* **INSTRUCTIONS TO FOLLOW**
The whole listing, exactly as given: write it out, leaving out each image.

* **DATASET CONTENT**
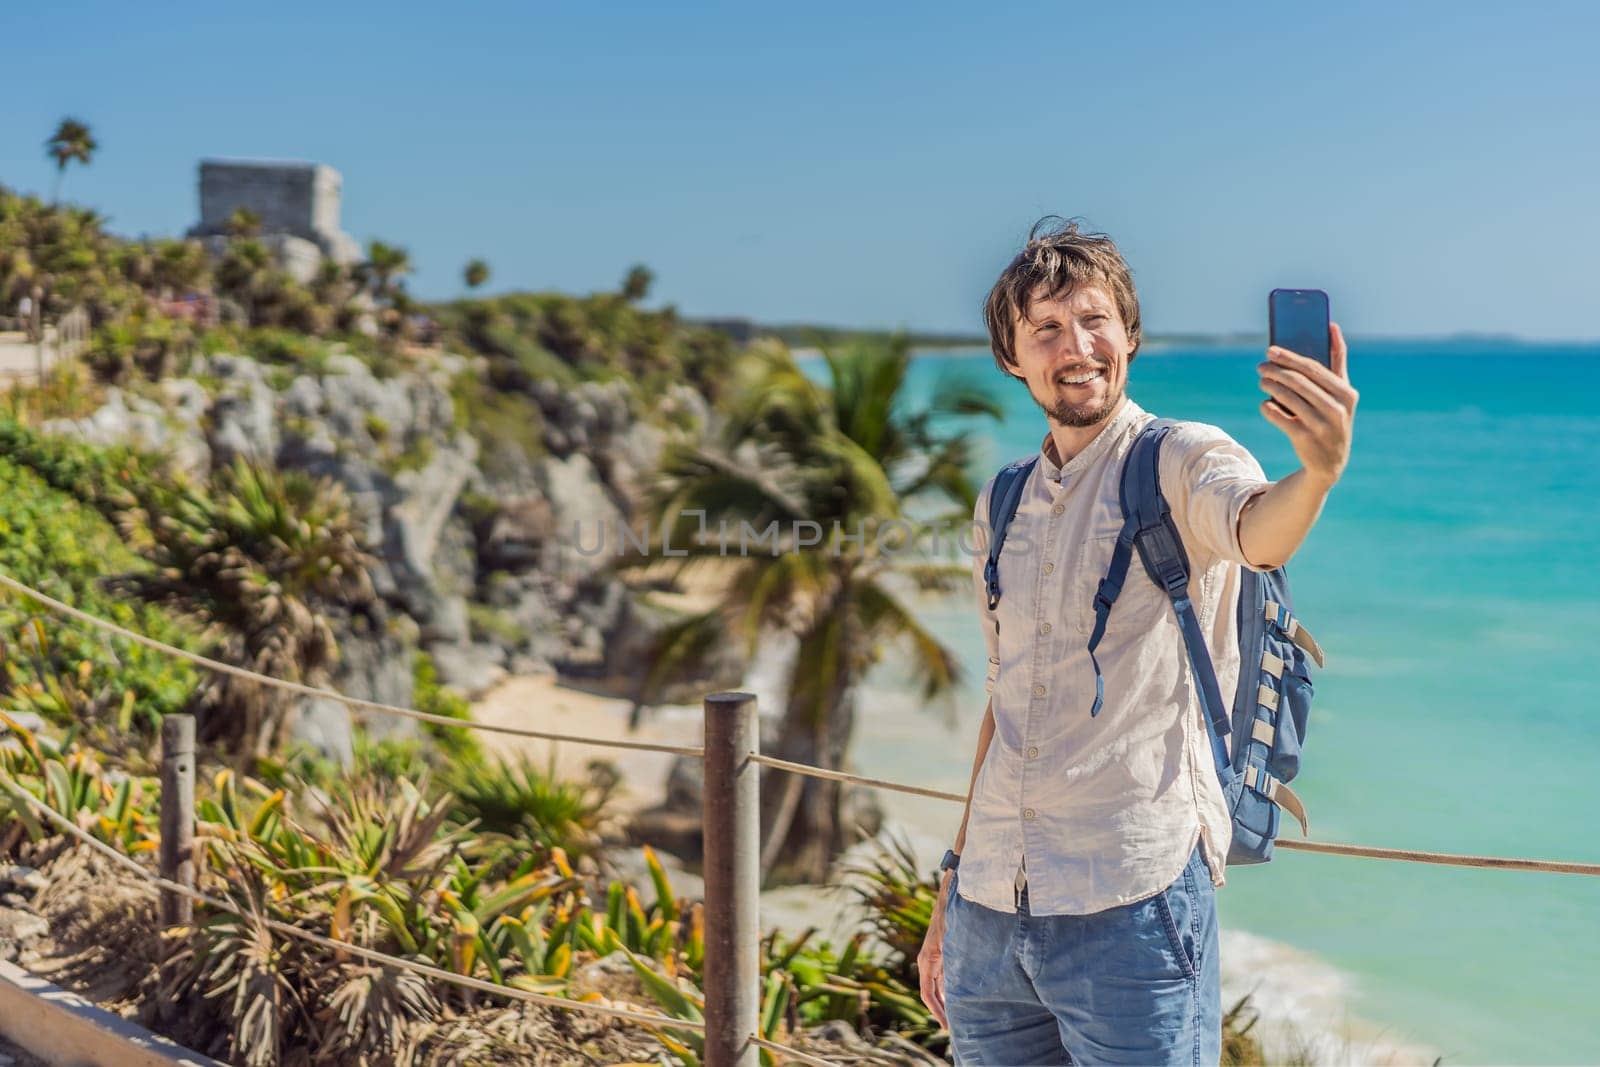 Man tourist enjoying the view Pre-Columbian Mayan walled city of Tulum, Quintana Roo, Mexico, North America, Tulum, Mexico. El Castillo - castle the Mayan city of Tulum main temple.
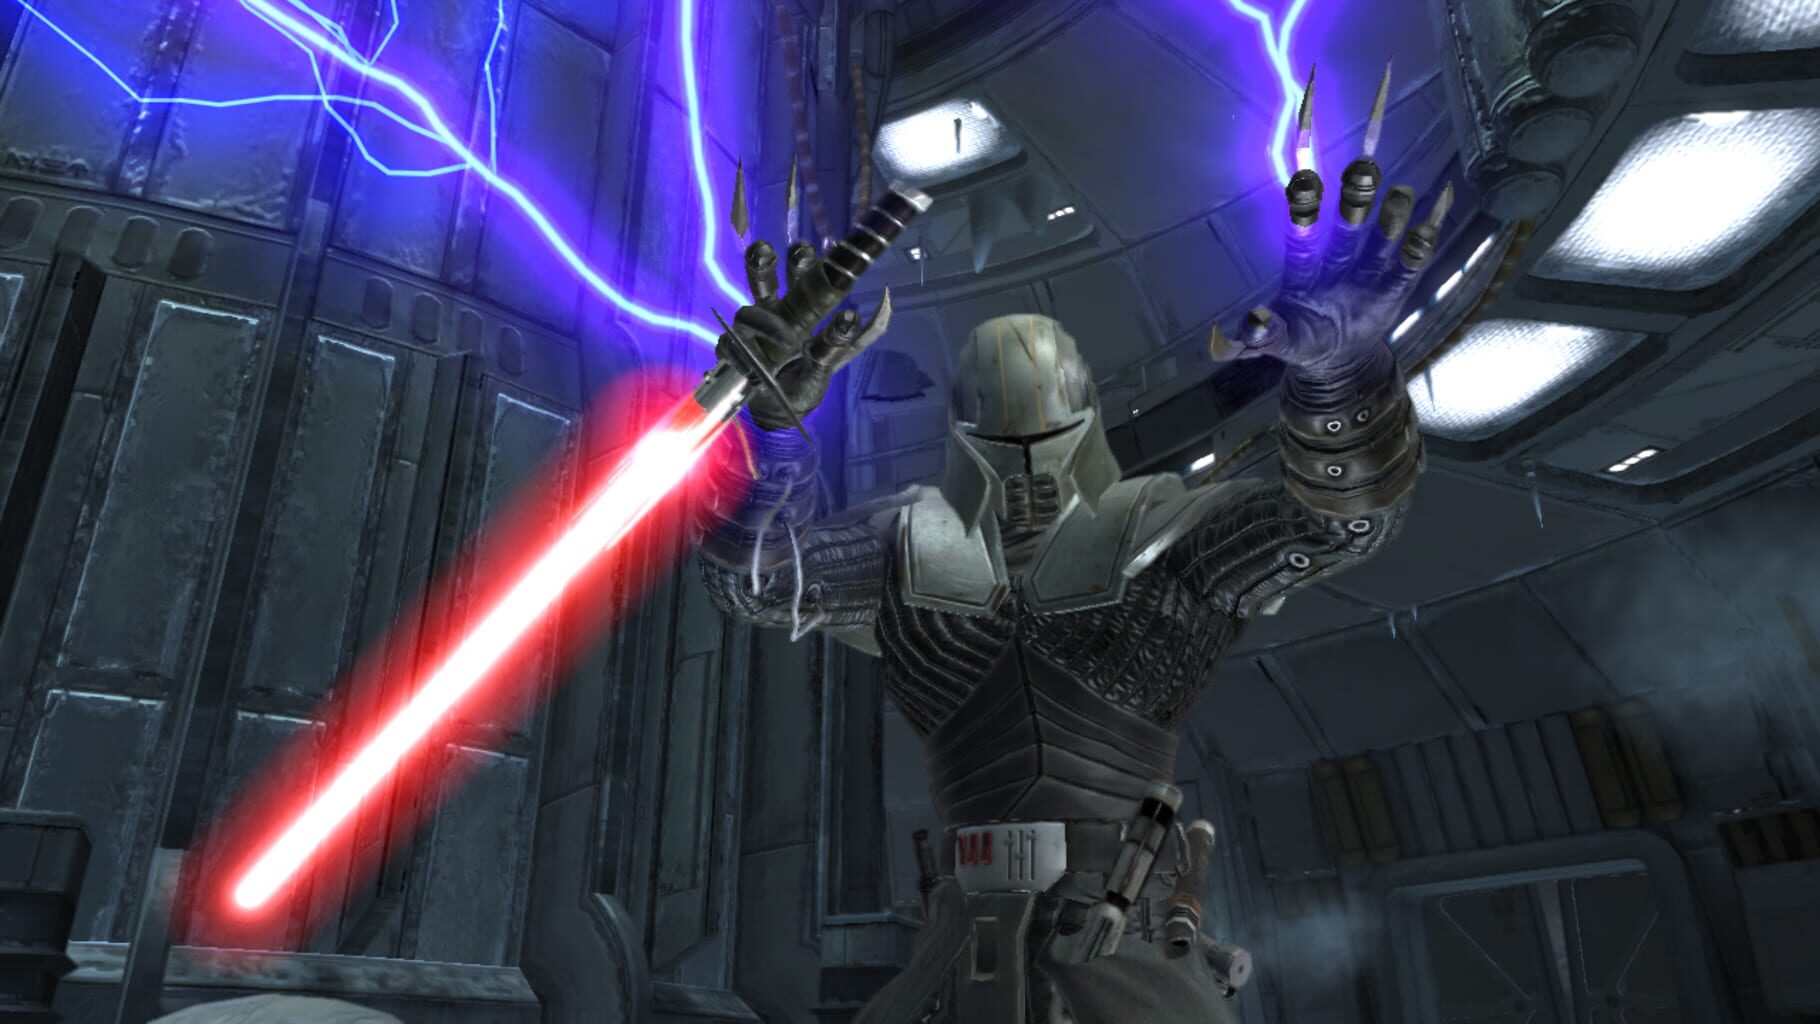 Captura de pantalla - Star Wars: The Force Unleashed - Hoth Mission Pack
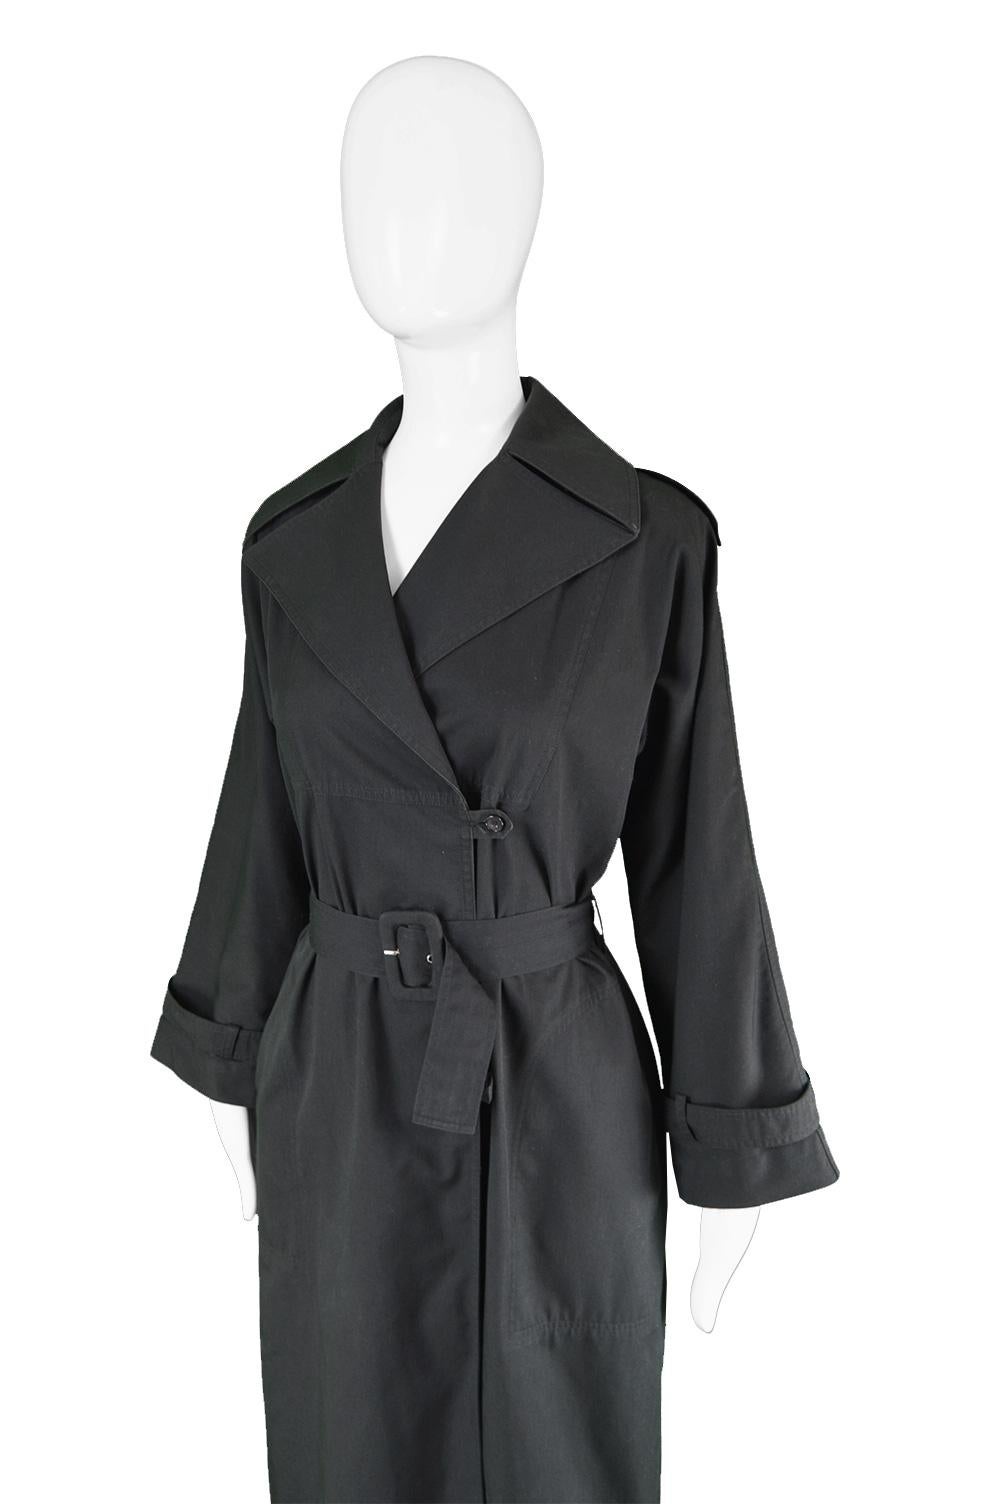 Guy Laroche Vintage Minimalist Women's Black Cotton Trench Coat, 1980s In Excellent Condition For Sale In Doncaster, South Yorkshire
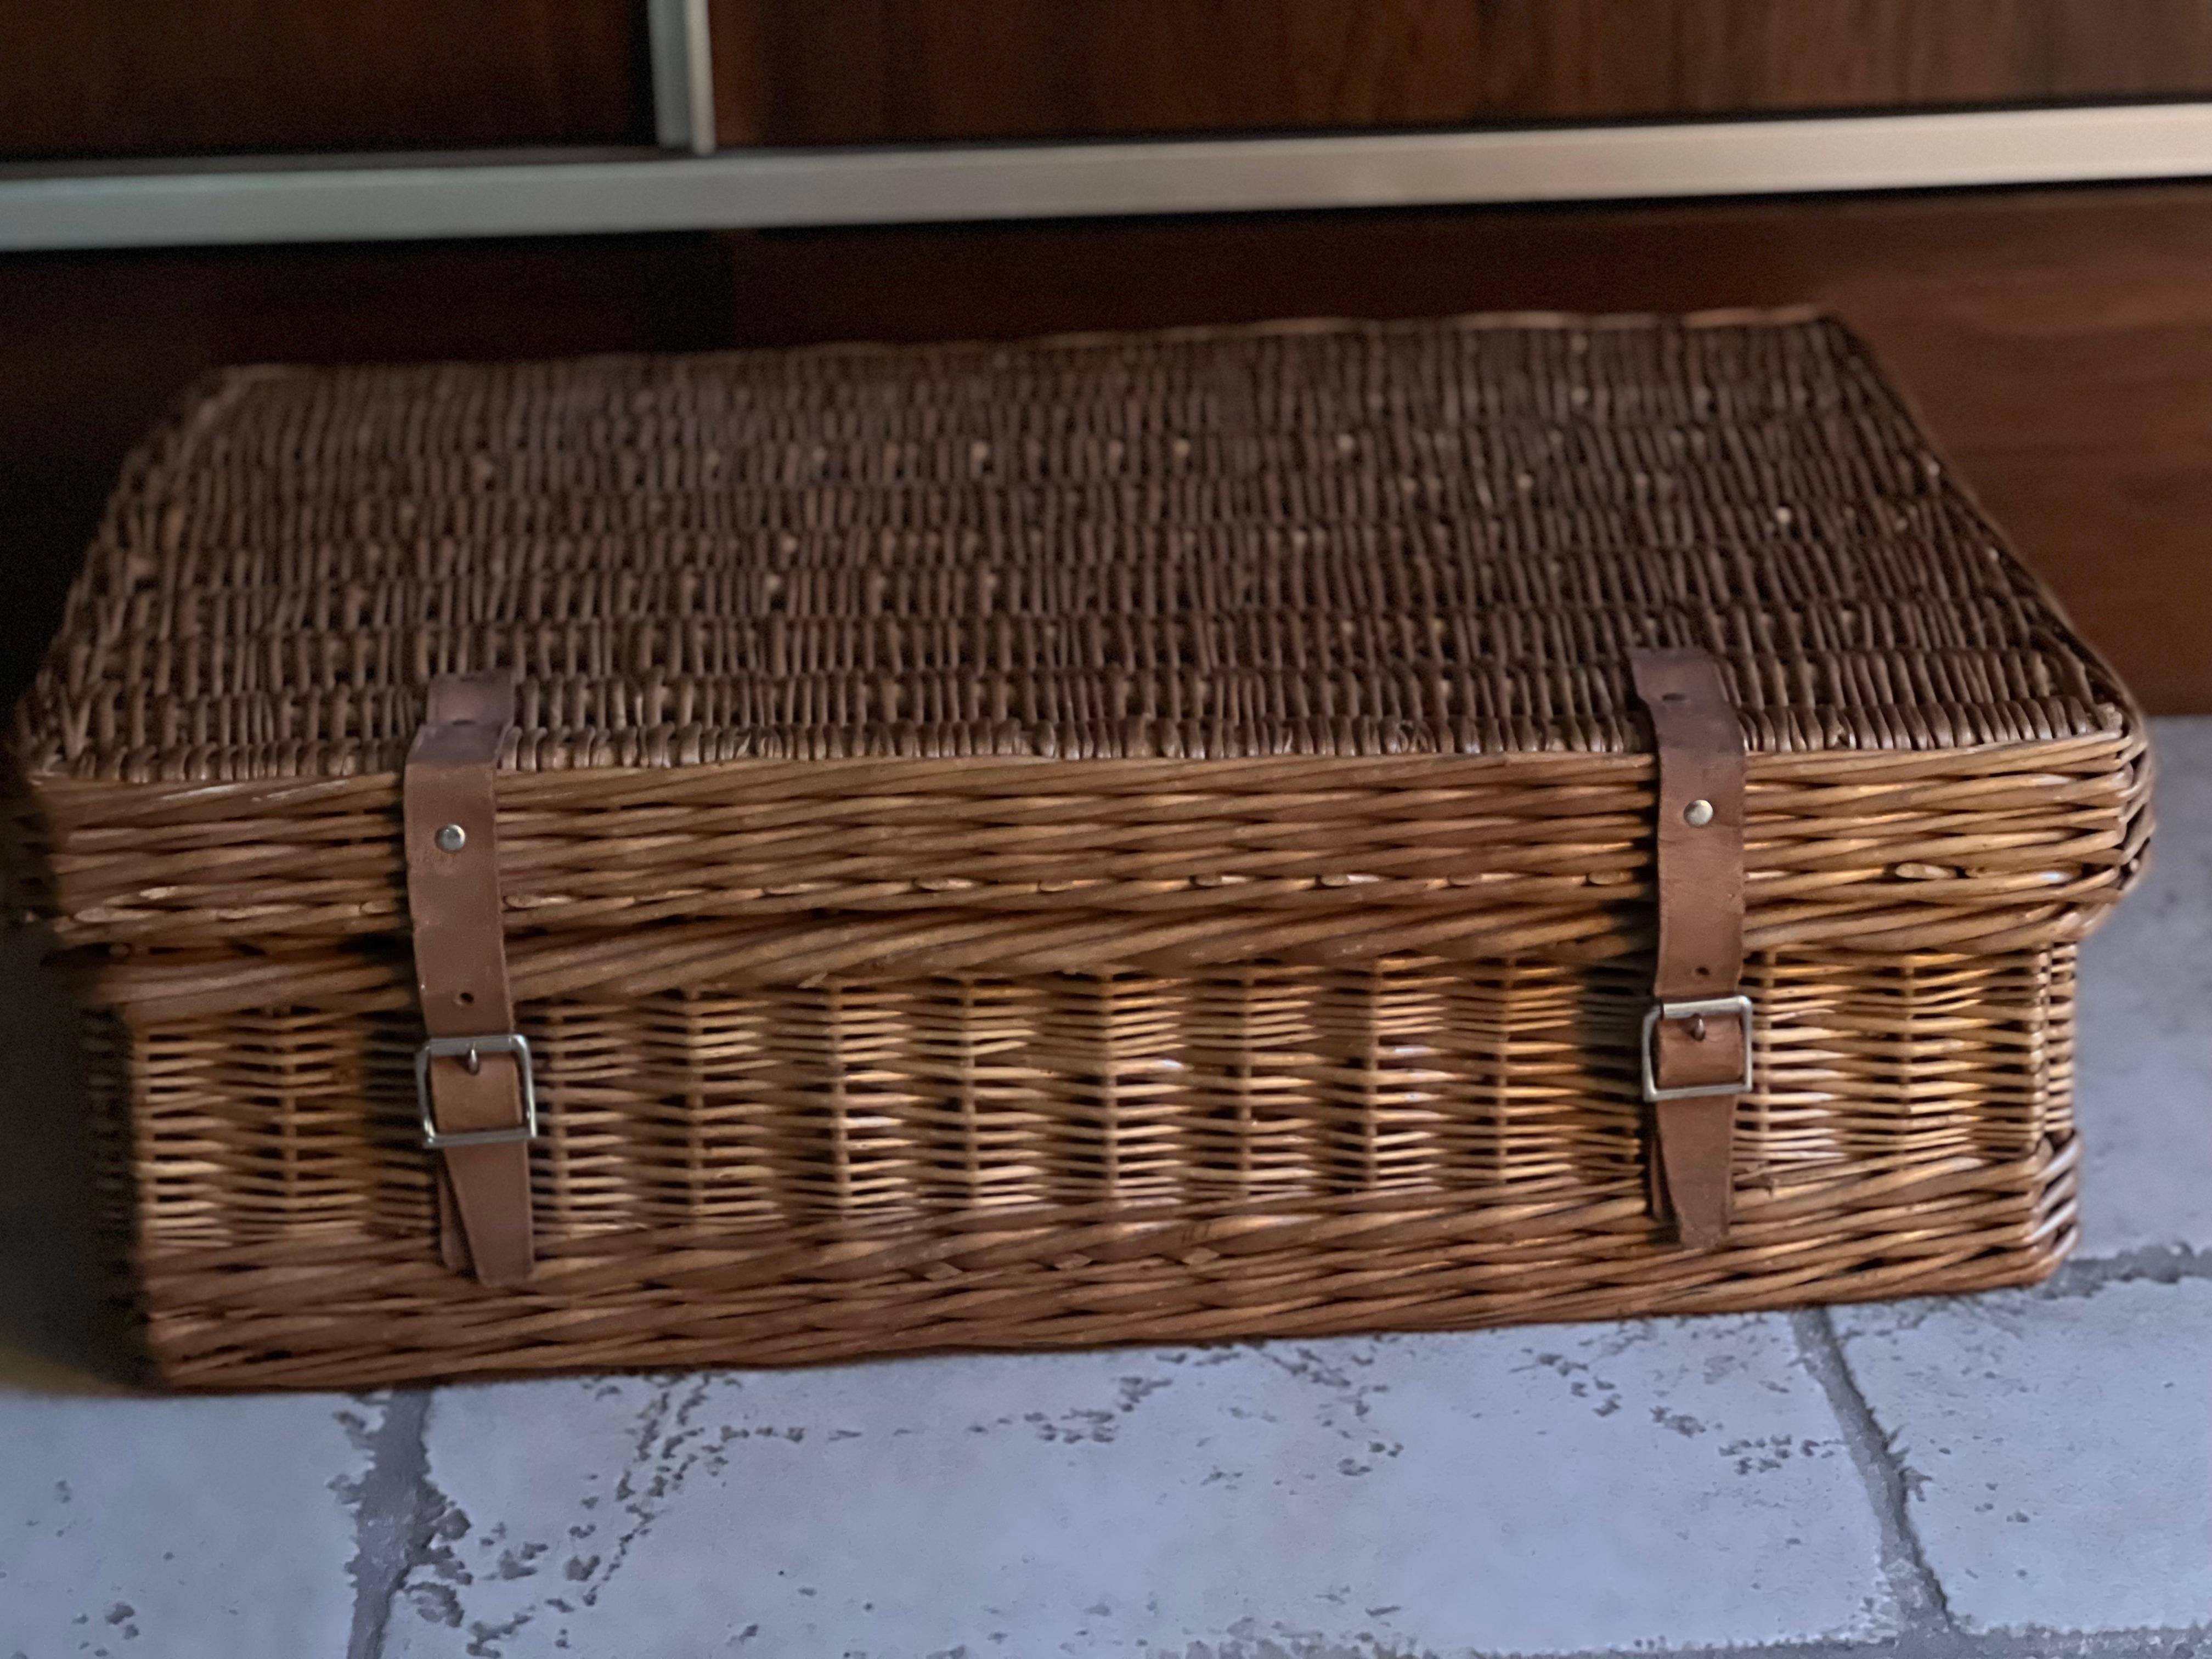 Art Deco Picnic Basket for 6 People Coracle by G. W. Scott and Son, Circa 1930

* **ANSWER TO THE PROBLEM**
 Man tourist enjoying the view Pre-Columbian Mayan walled city of Tulum, Quintana Roo, Mexico, North America, Tulum, Mexico. El Castillo - castle the Mayan city of Tulum main temple.
 Captura de pantalla - Star Wars: The Force Unleashed - Hoth Mission Pack
 Guy Laroche Vintage Minimalist Women's Black Cotton Trench Coat, 1980s In Excellent Condition For Sale In Doncaster, South Yorkshire
 Art Deco Picnic Basket for 6 People Coracle by G. W. Scott and Son, Circa 1930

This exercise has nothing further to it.